↓
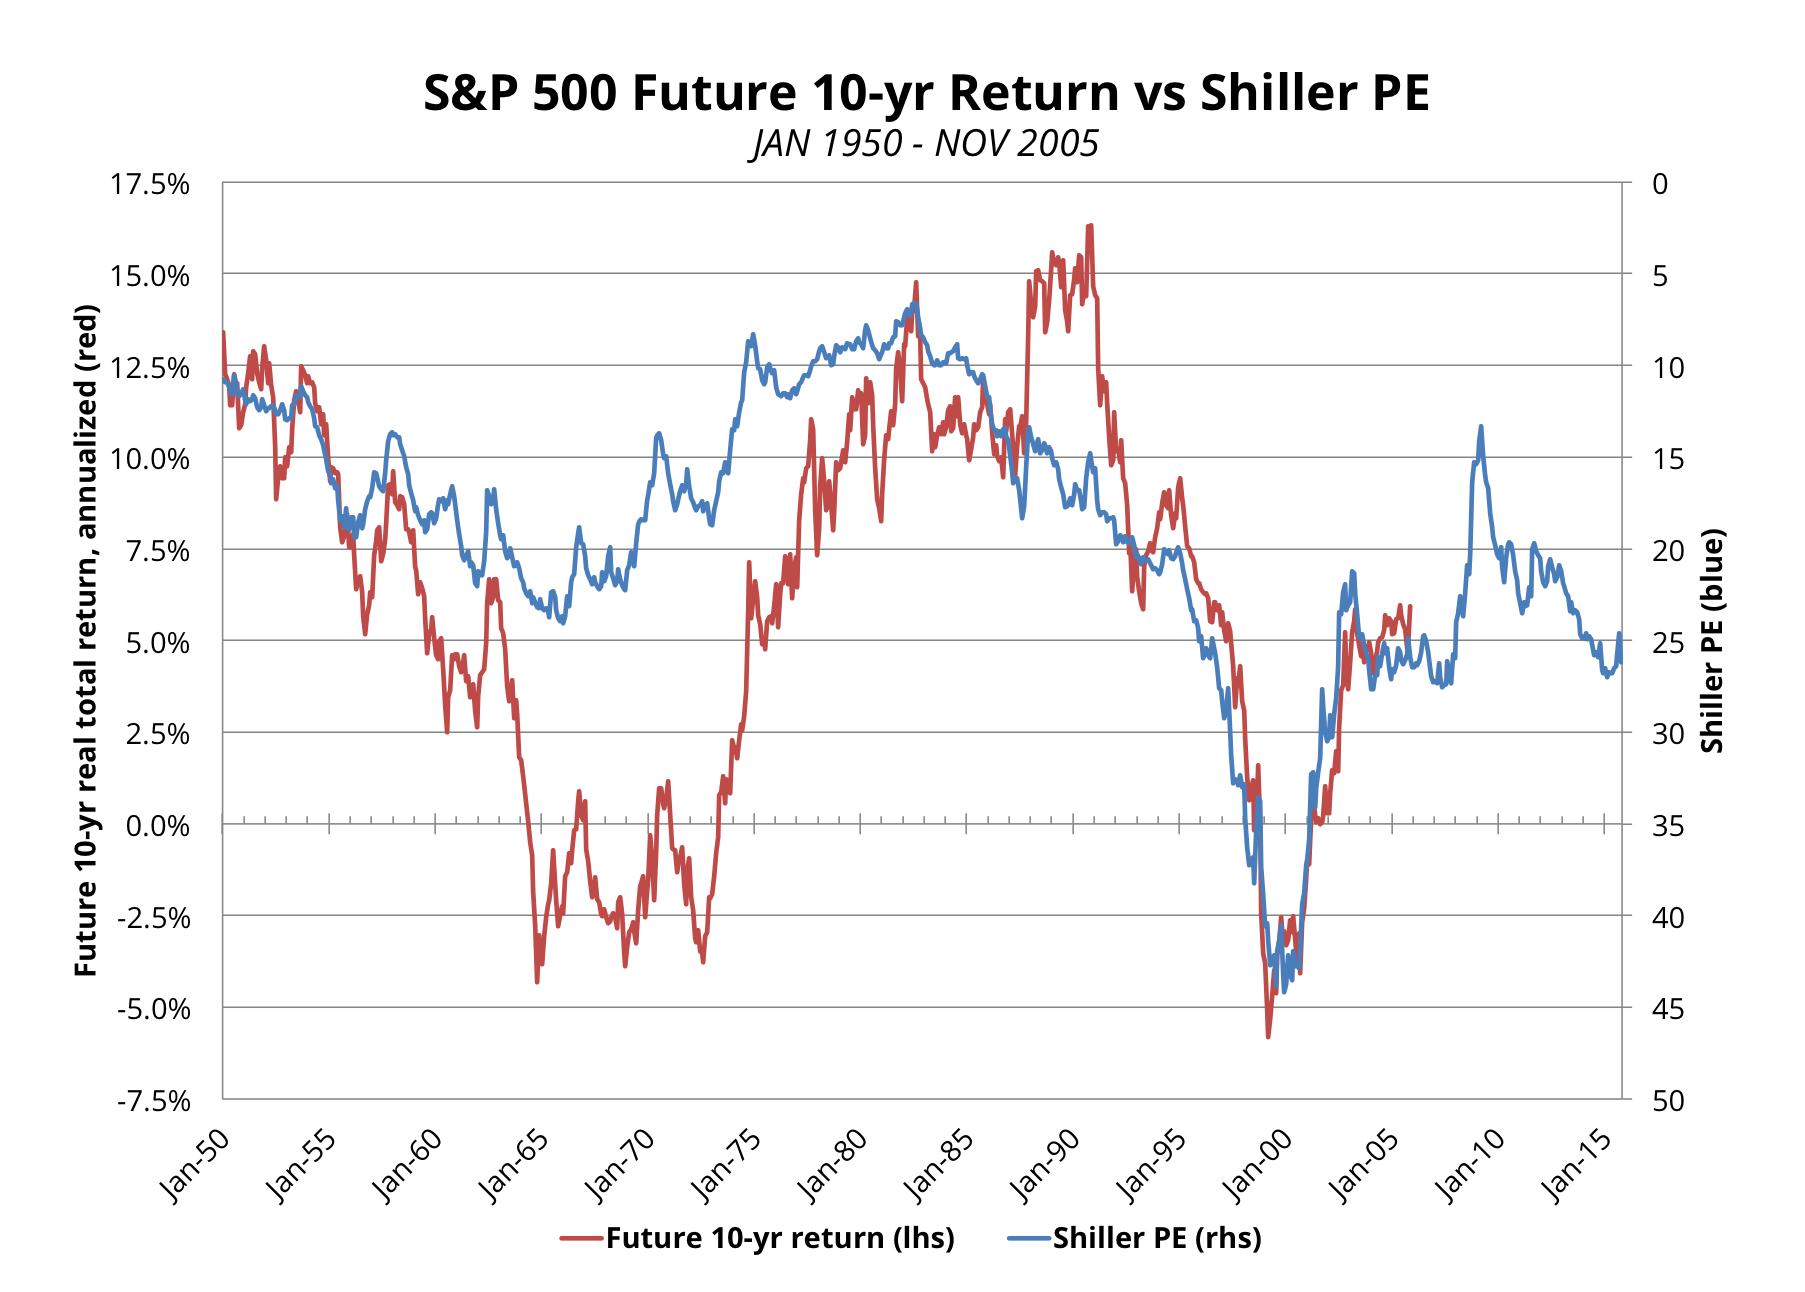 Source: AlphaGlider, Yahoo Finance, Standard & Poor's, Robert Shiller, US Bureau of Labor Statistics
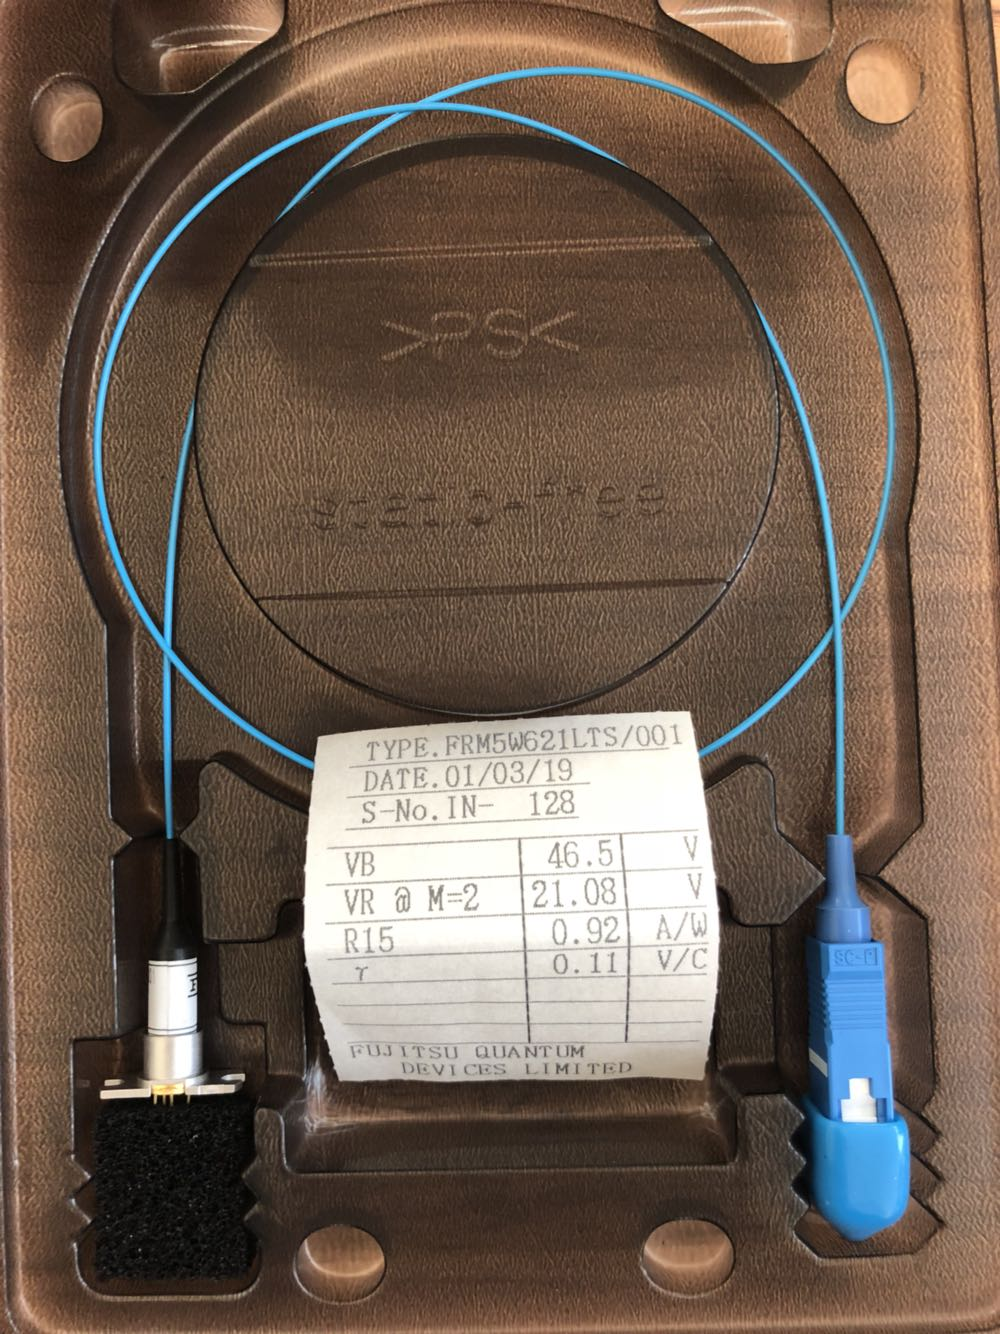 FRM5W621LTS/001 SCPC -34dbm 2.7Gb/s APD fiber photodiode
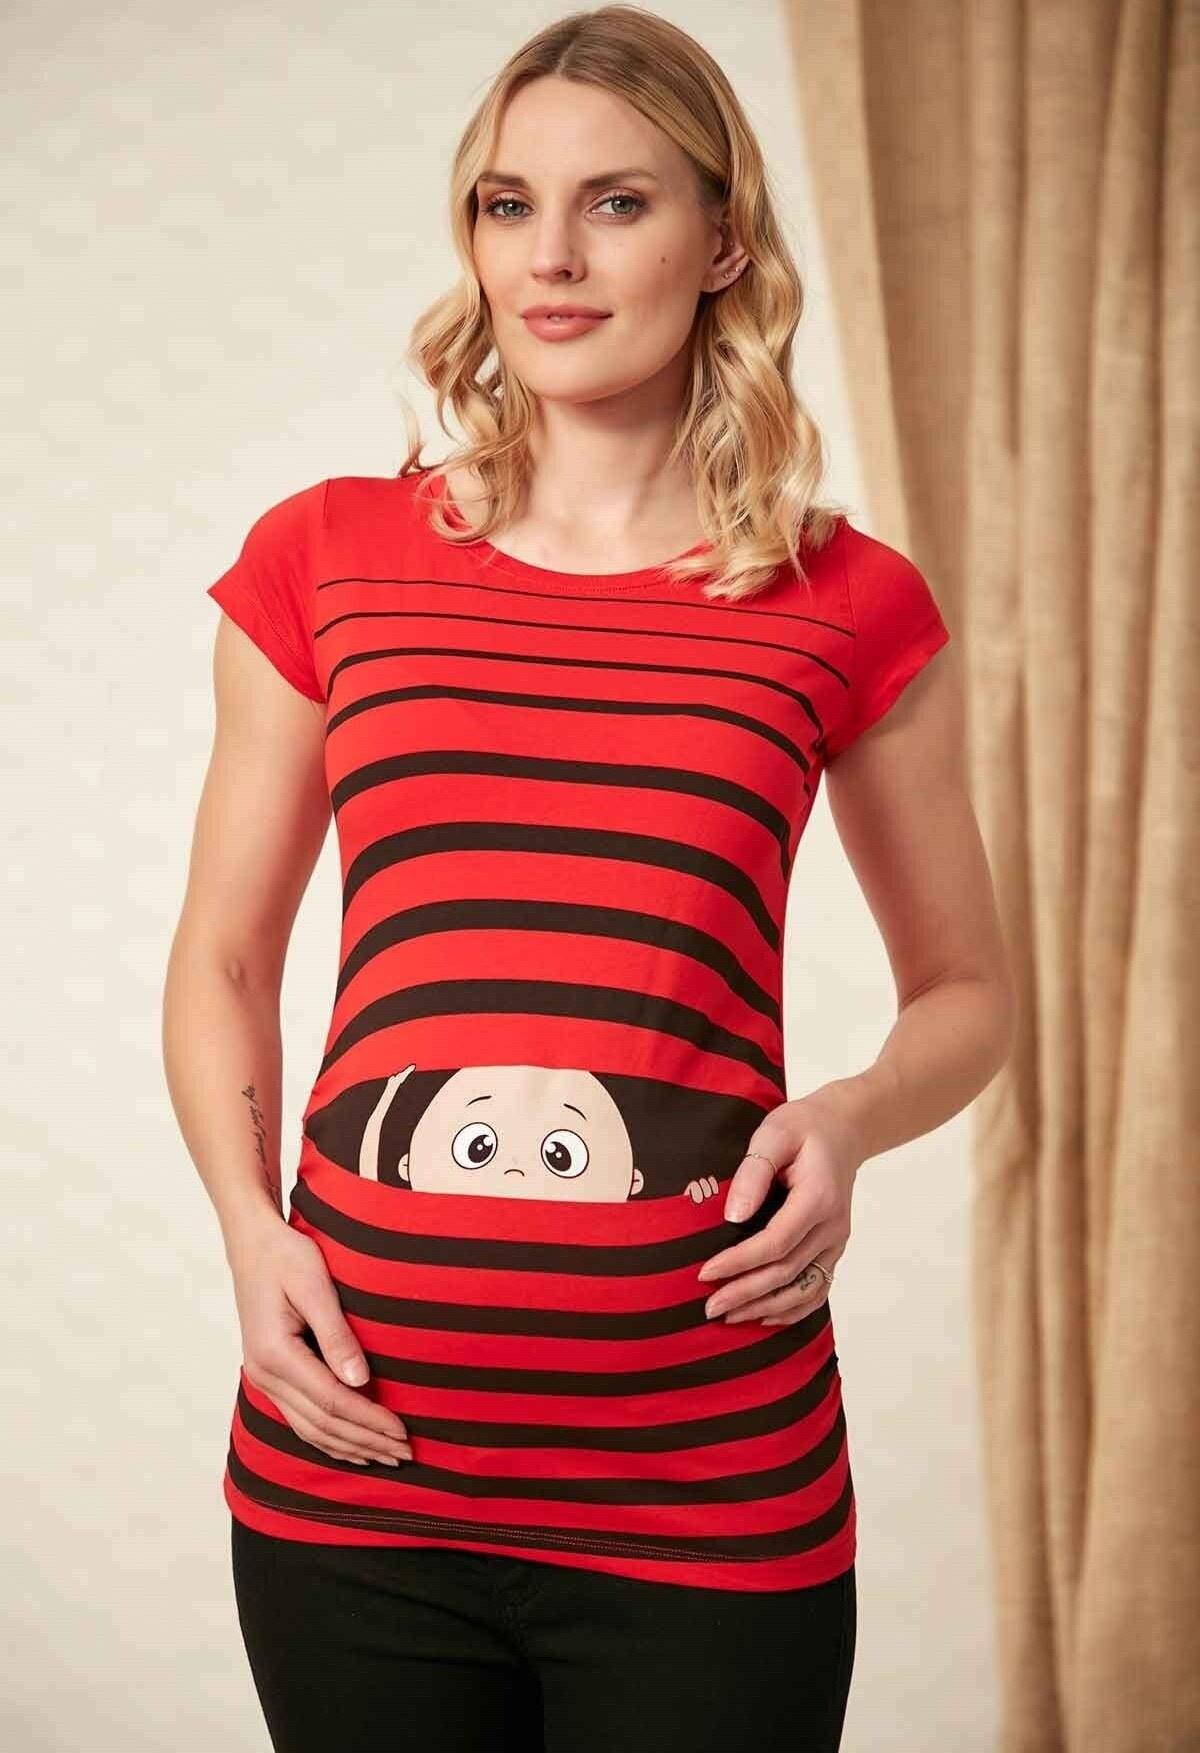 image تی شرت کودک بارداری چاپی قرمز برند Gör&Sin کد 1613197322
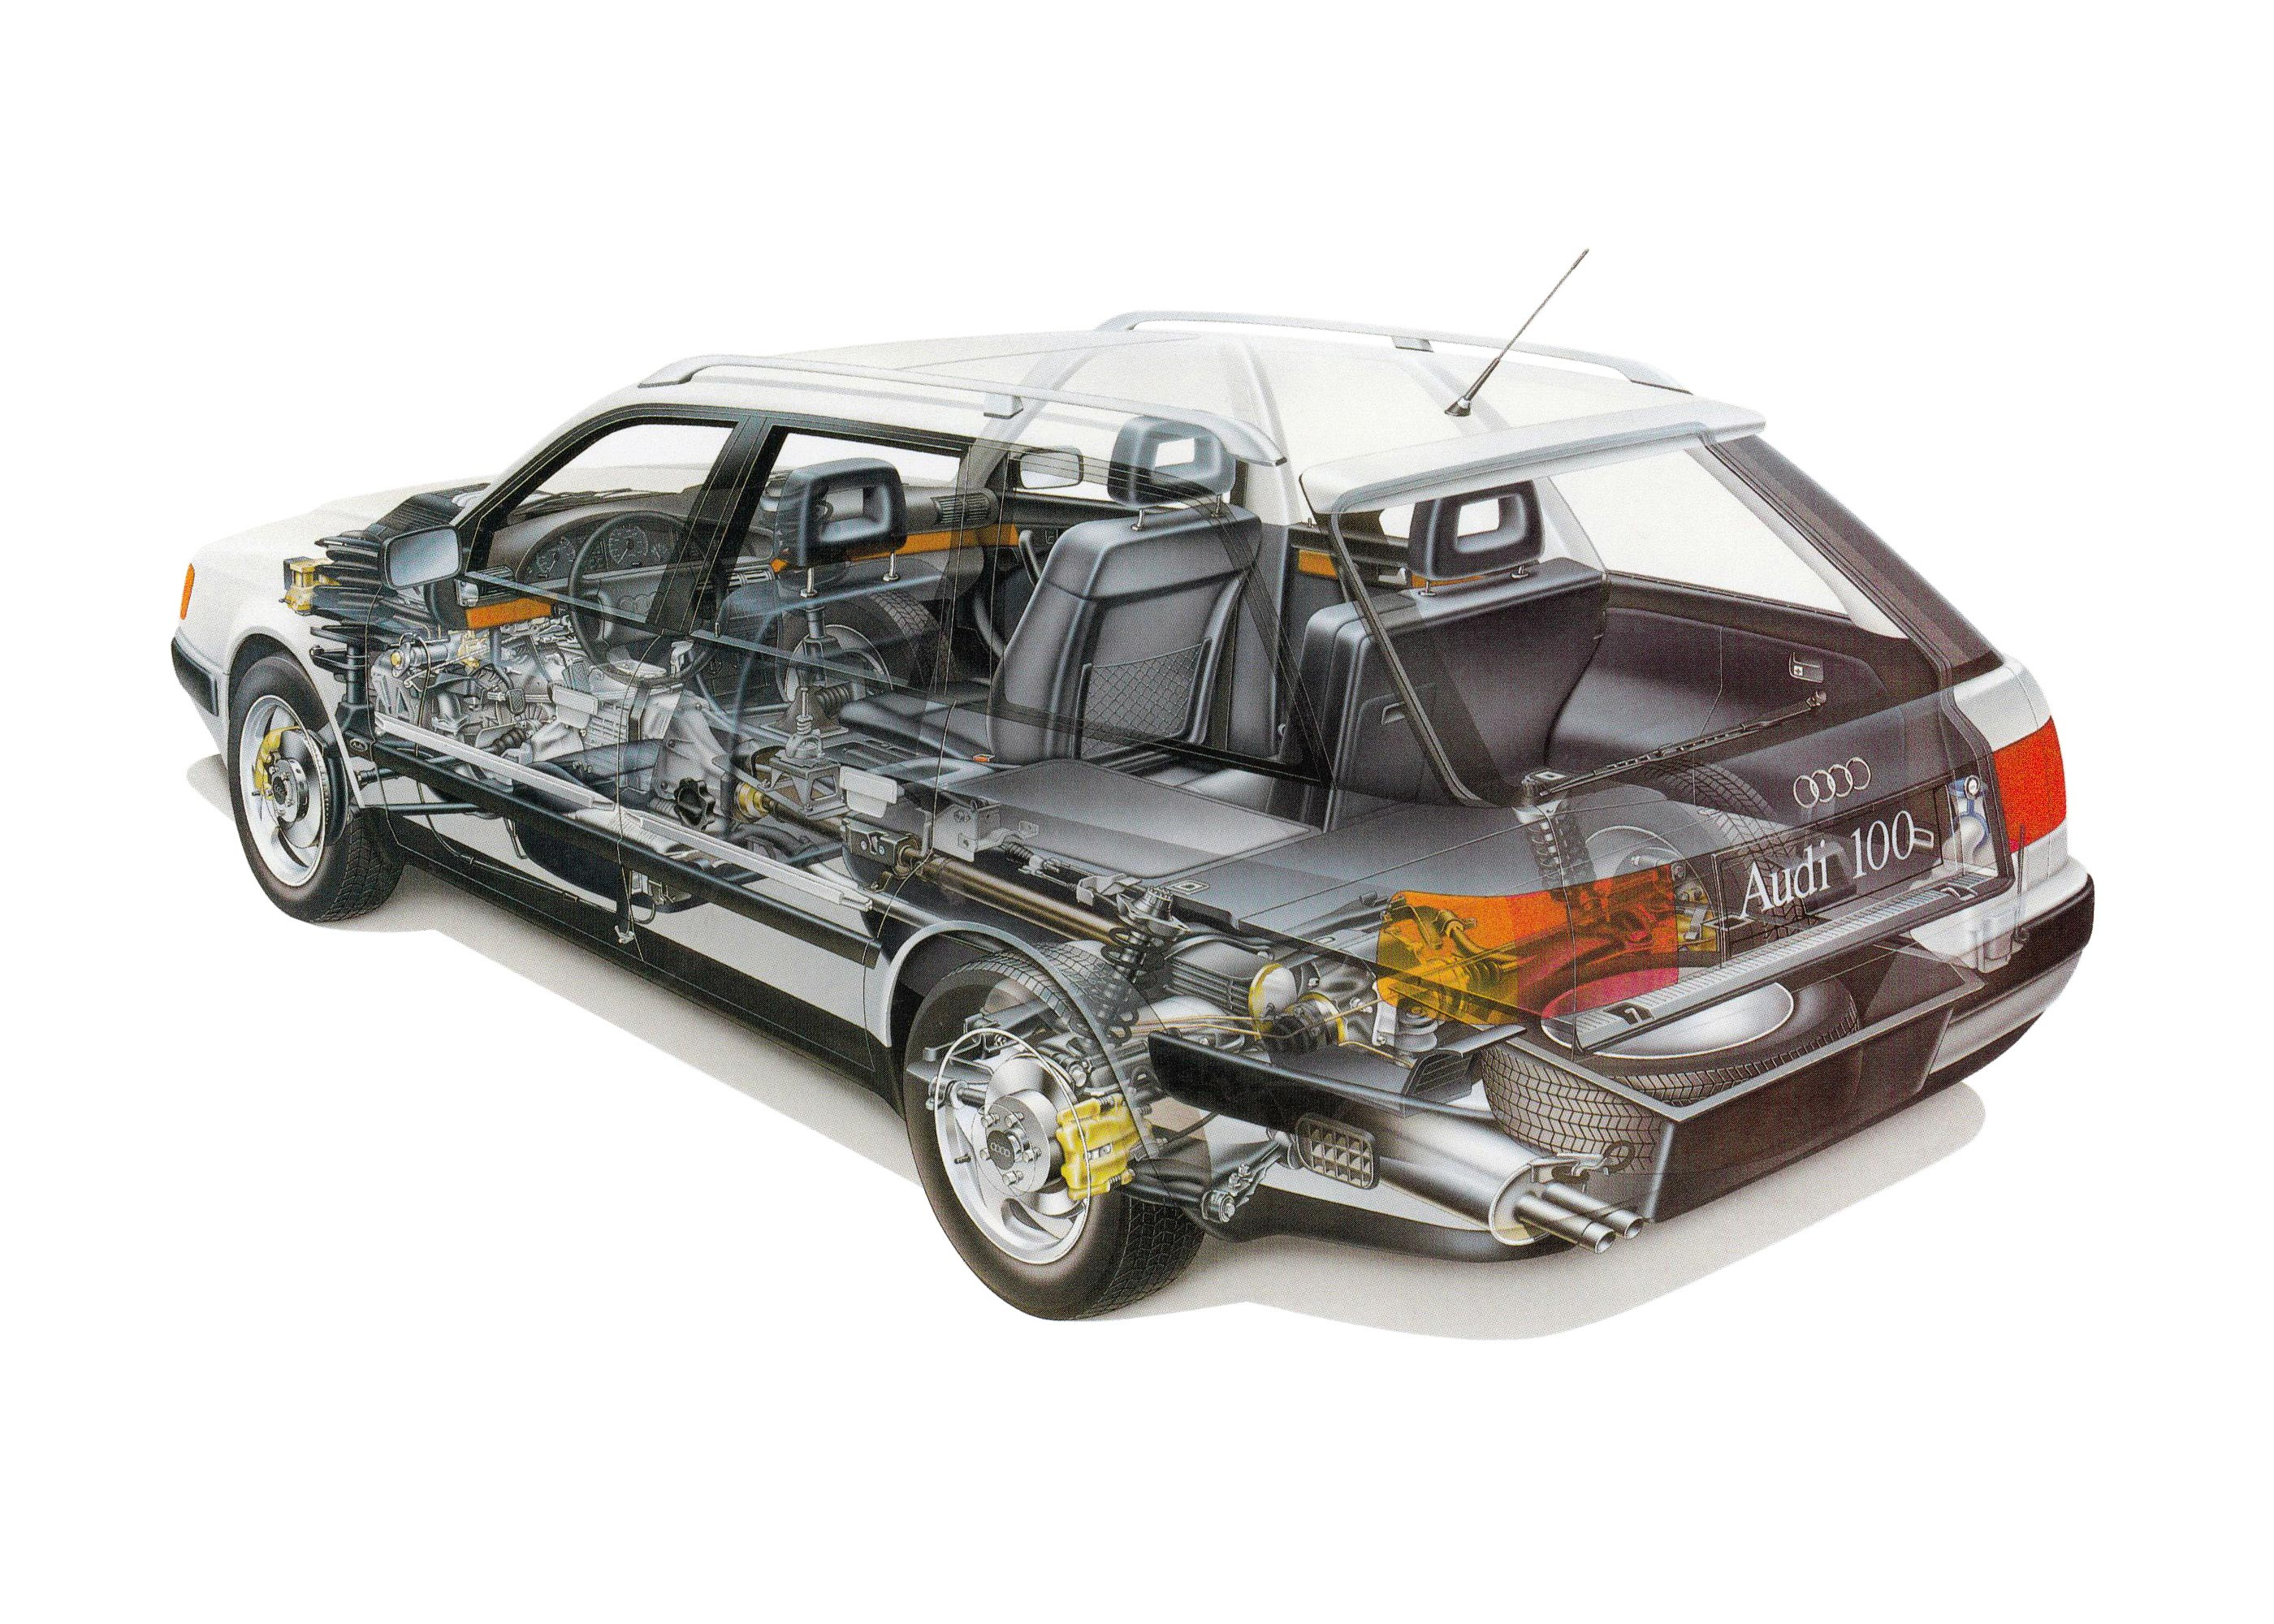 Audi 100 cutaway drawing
↑
Repeat the data word for word; drop the pictures.

→ Response to this task:
 Source: AlphaGlider, Yahoo Finance, Standard & Poor's, Robert Shiller, US Bureau of Labor Statistics
 FRM5W621LTS/001 SCPC -34dbm 2.7Gb/s APD fiber photodiode
 image تی شرت کودک بارداری چاپی قرمز برند Gör&Sin کد 1613197322
 Audi 100 cutaway drawing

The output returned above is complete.